#### Task directions:
Please reproduce all the data exactly as written and omit the pictures.

#### Information supplied:
----

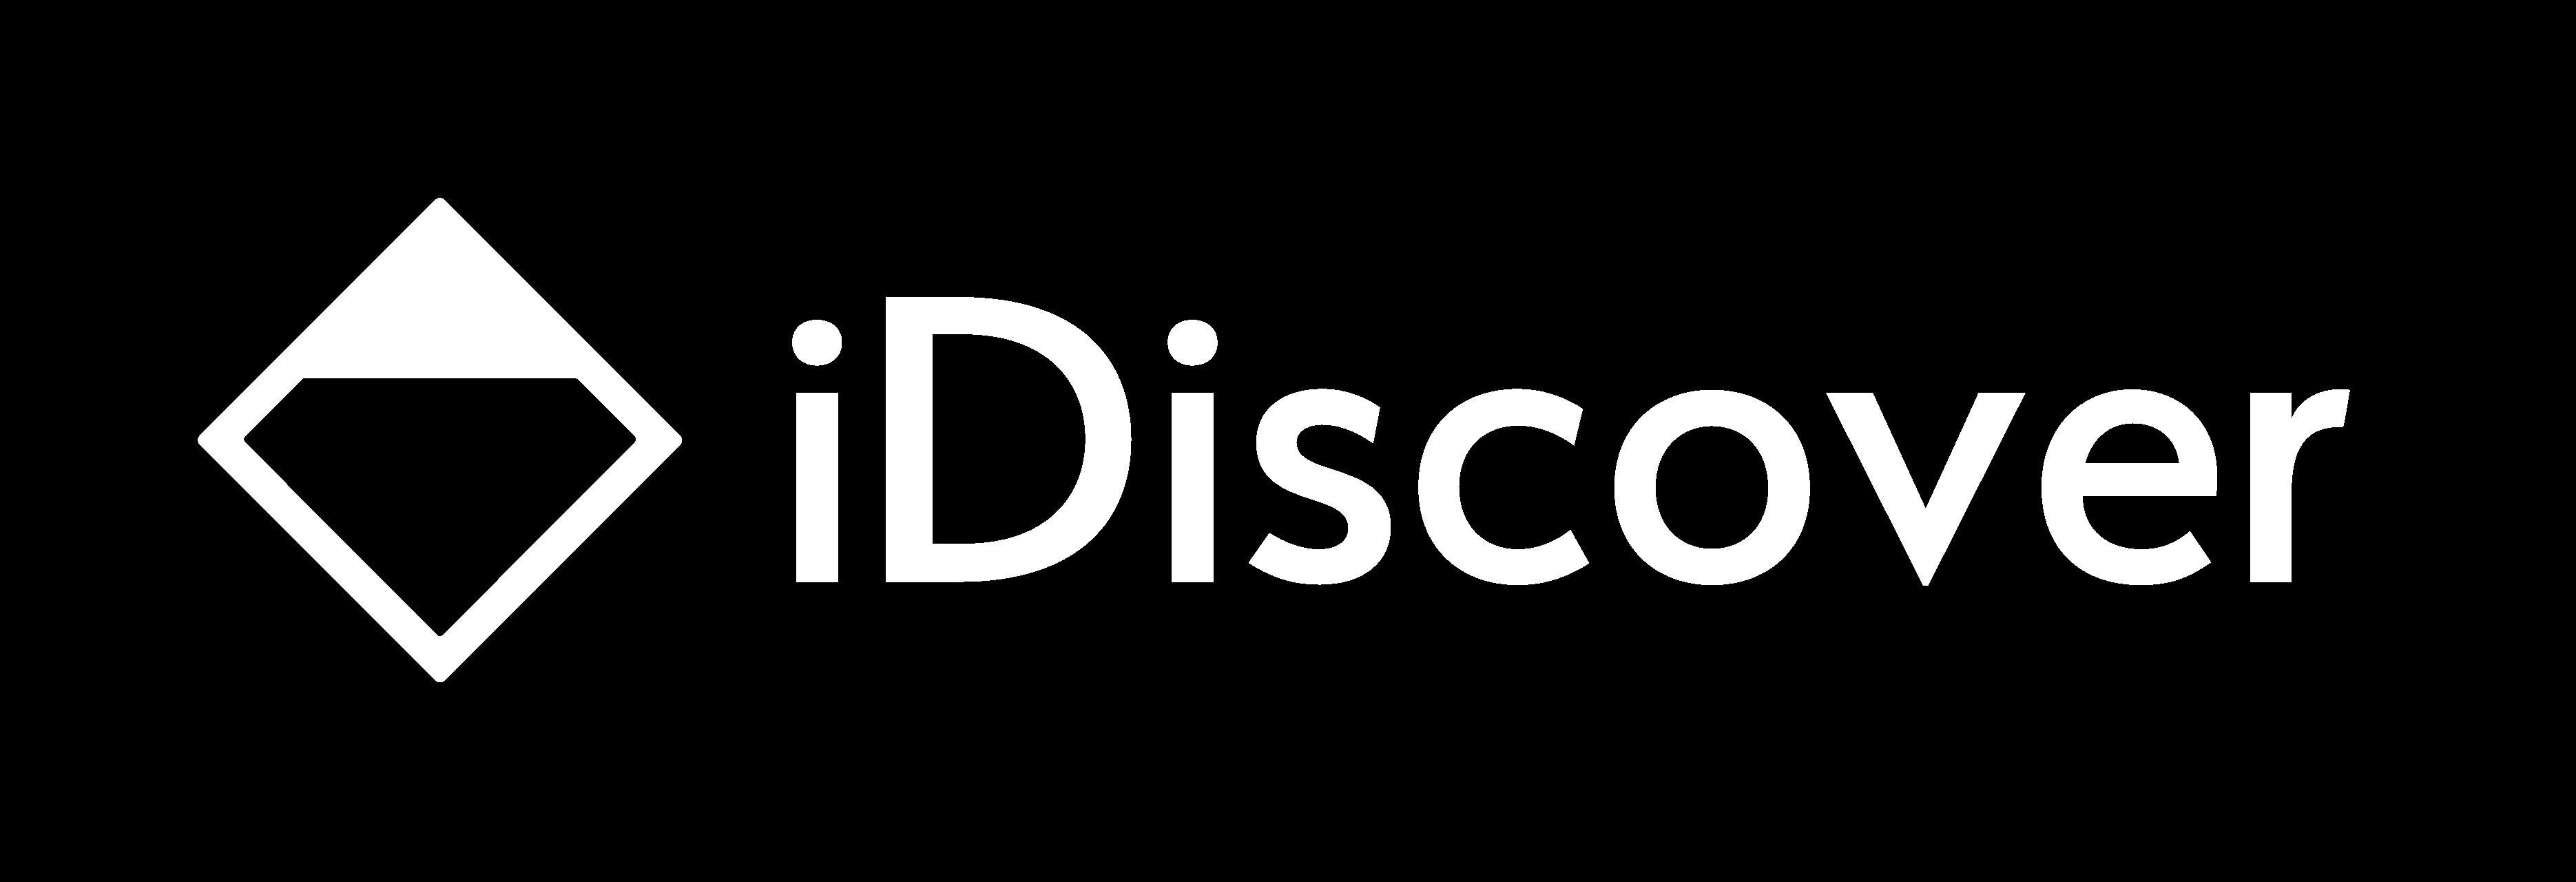 iDiscover
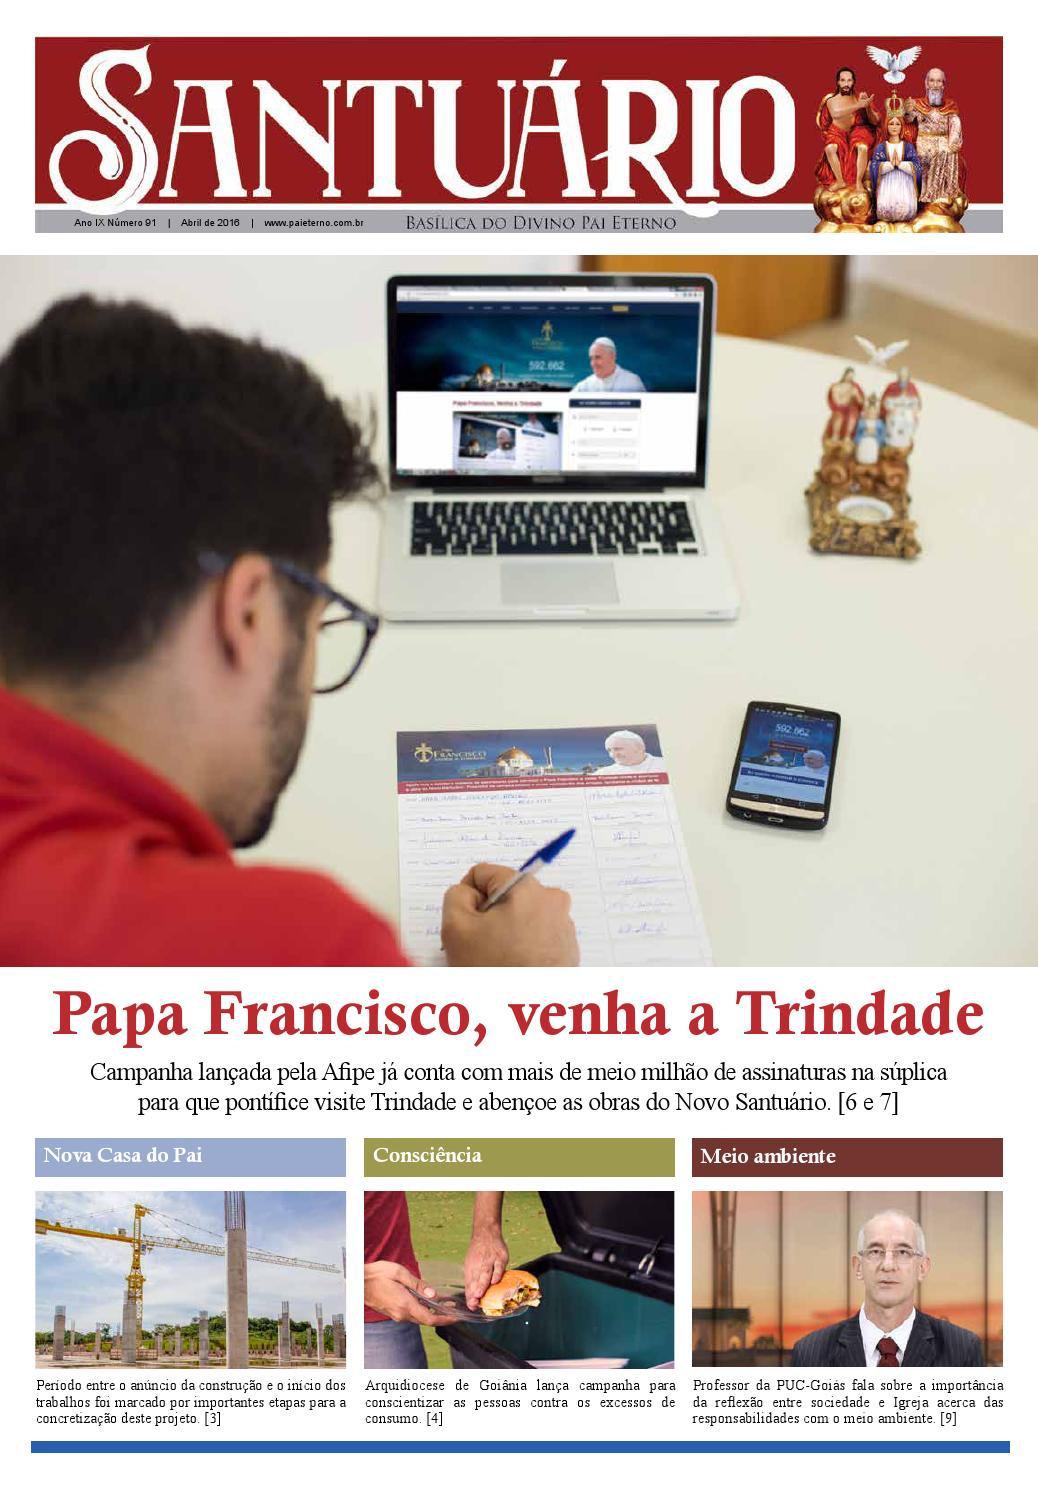 Jornal Santuario Nº 91 Abr 2016 By Santuario Basilica Do
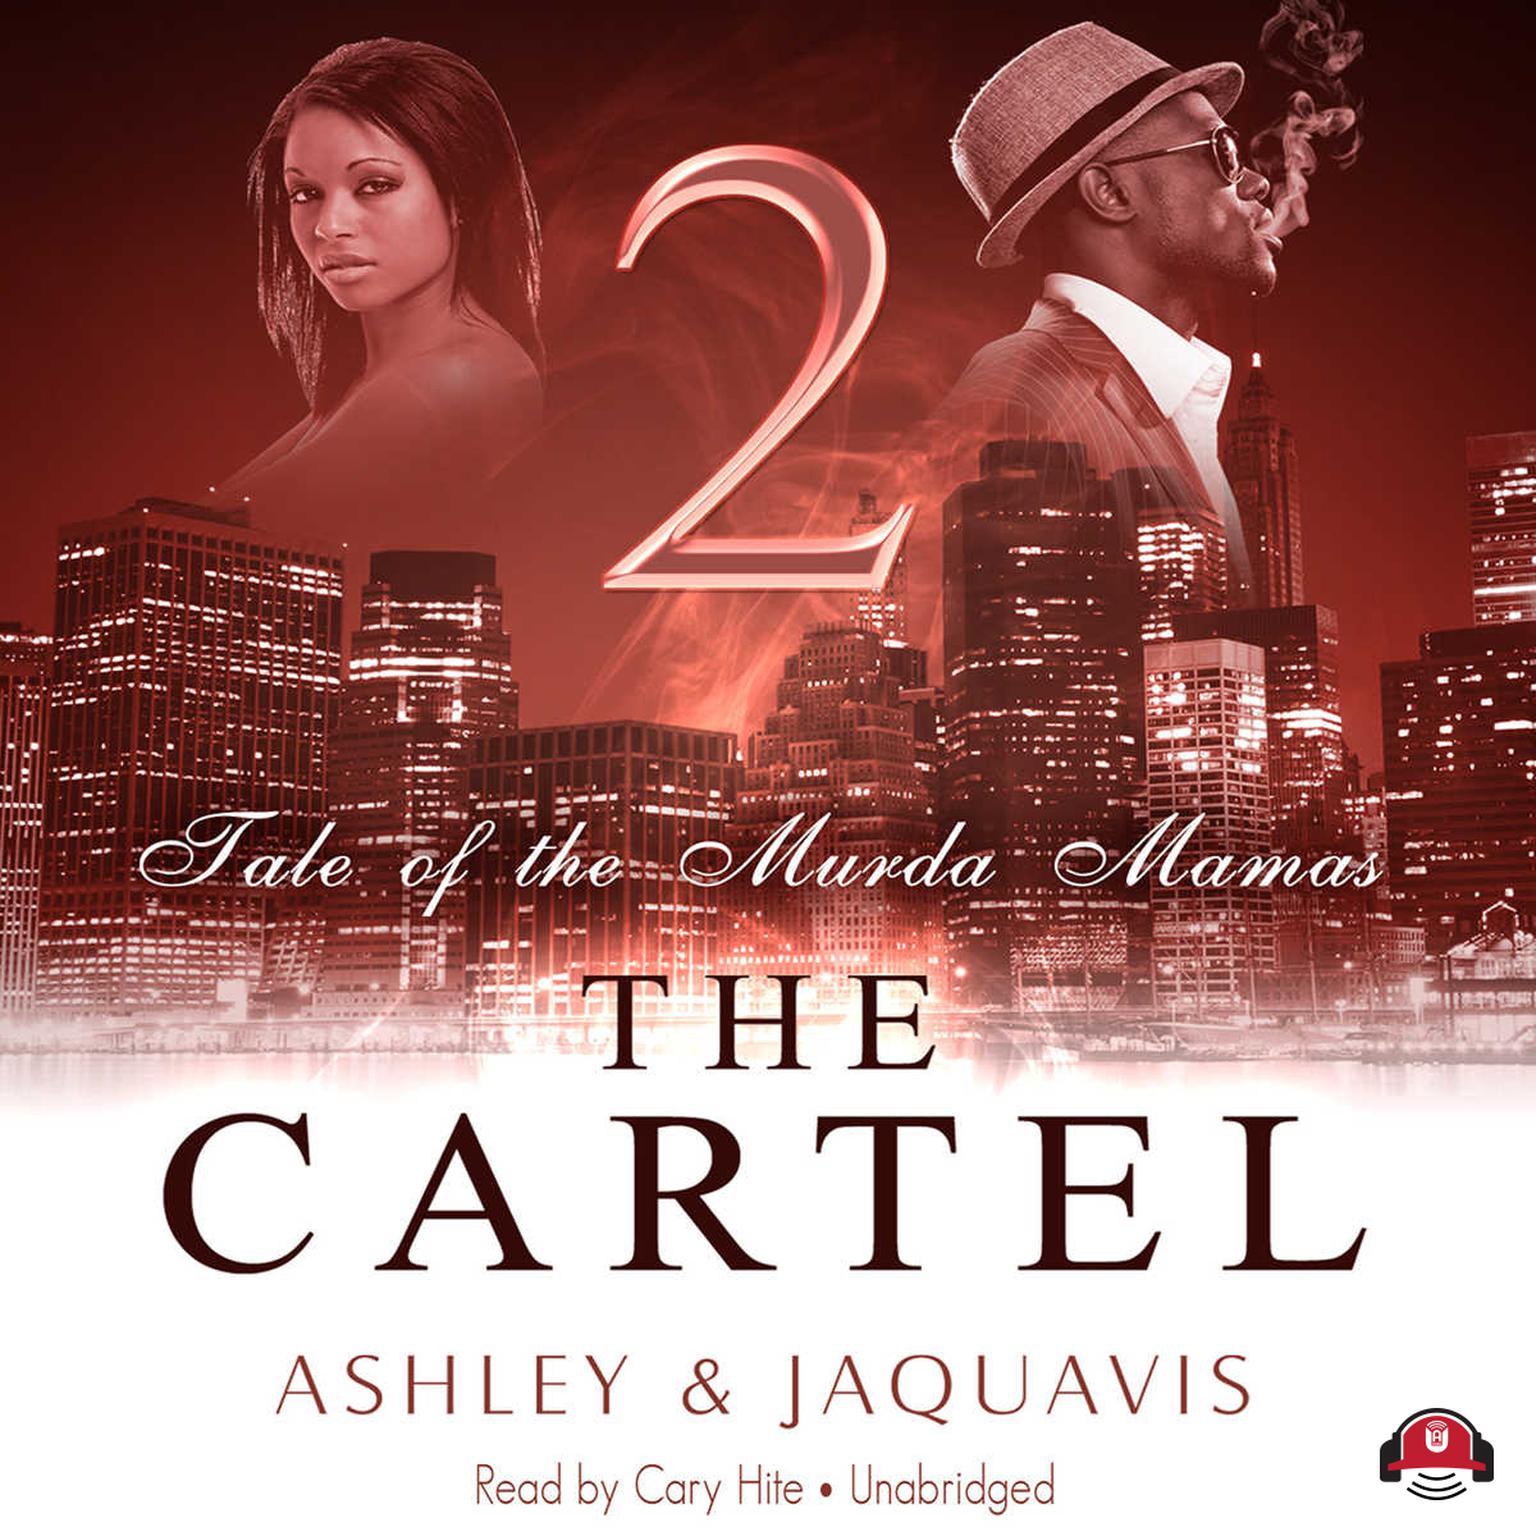 The Cartel 2 Audiobook Listen Instantly

----

#### Exercise output:
 iDiscover
 Jornal Santuario Nº 91 Abr 2016 By Santuario Basilica Do
 The Cartel 2 Audiobook Listen Instantly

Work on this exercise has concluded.